Each query has three form classes (Q<N>{Continuous,Windowed,Snapshot}Function)
and a companion BerlinMODQ<N>LocalTest driver running the three forms
through a Flink mini-cluster against a hardcoded synthetic corpus.

Spatial predicates today are pure Java — Haversine distance for
point-to-point (Q3, Q5, Q6, Q9), point-in-box for region containment
(Q4), and a planar-projection point-to-line-segment distance (Q8). Each
spatial call site is marked TODO(meos) for migration to the JMEOS
bridge of the corresponding MEOS operator once the in-flight MEOS 1.4
bump signals settled (Q3 edwithin_tgeo_geo; Q4 STBox eintersects; Q5
NAD / edwithin_tgeo_tgeo; Q6 trajectory length; Q7 edwithin_tgeo_geo;
Q8 distance(tgeompoint, geometry(LINESTRING)); Q9 tdistance). Q1 and
Q2 have no spatial predicate.

State patterns exercised:
  - keyed simple flag (Q1)
  - keyed last-known position (Q2, Q8)
  - keyed transition + entry log (Q4)
  - keyed accumulator (Q6)
  - keyed first-passage map (Q7)
  - shared key-by-constant state (Q9 pair-wise, Q5 multi-pair MapState)

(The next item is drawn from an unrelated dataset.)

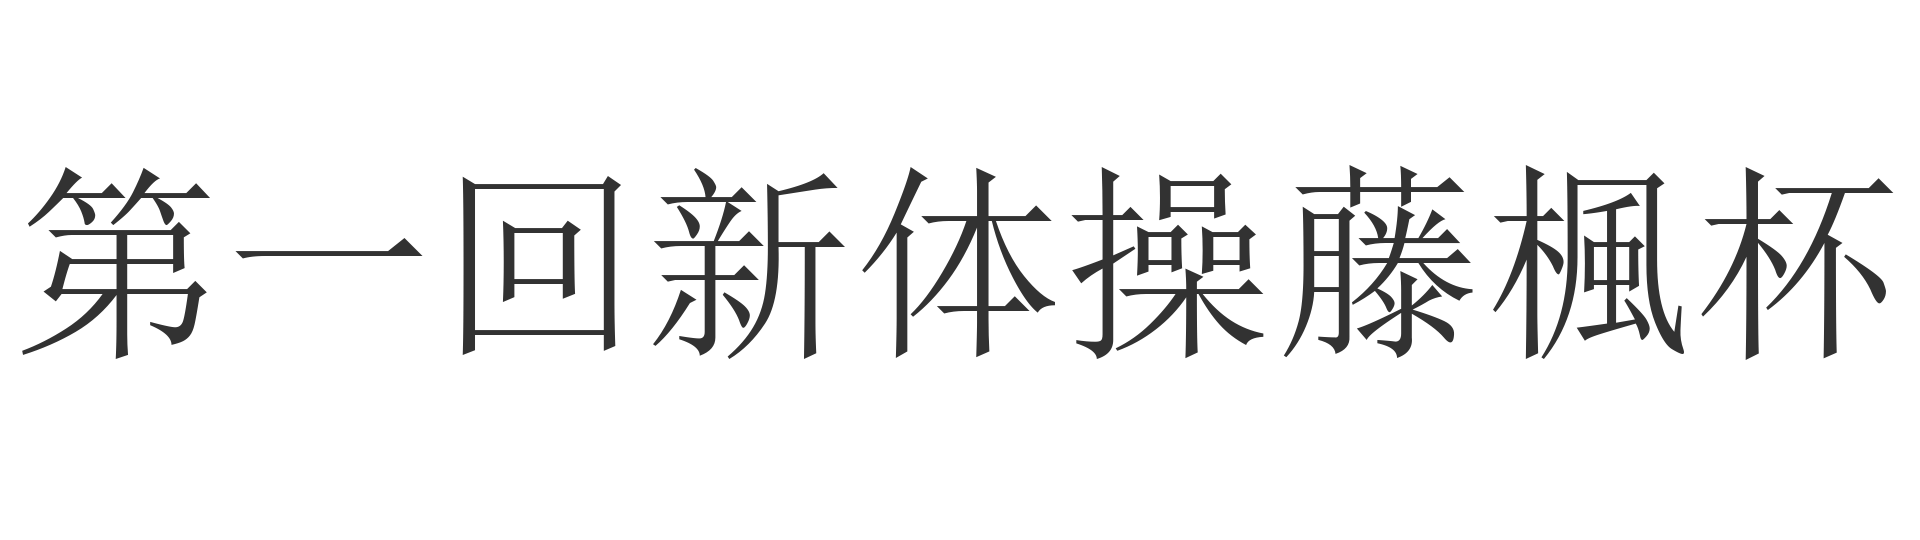 第一回新体操藤楓杯 logo

Verified output counts (see PR description for the exact-line excerpts):

  Q  | continuous | windowed | snapshot
  ---|------------|----------|---------
  Q1 |          3 |        2 |        9
  Q2 |          7 |        2 |        3
  Q3 |         21 |        2 |        6
  Q4 |          4 |        5 |        9
  Q5 |         14 |        2 |        3   (only pair (100,200) qualifies for our P + radii)
  Q6 |         21 |        6 |        9   (drift corpus; v100=601m, v200=300m, v300=1205m)
  Q7 |          3 |        6 |        9   (3 (vehicle, POI) first-passages; intra-window scope)
  Q8 |         21 |        2 |        6   (same shape as Q3 with segment-distance)
  Q9 |          7 |        2 |        3   (X=100, Y=200; distance 4124m = ~4.1km)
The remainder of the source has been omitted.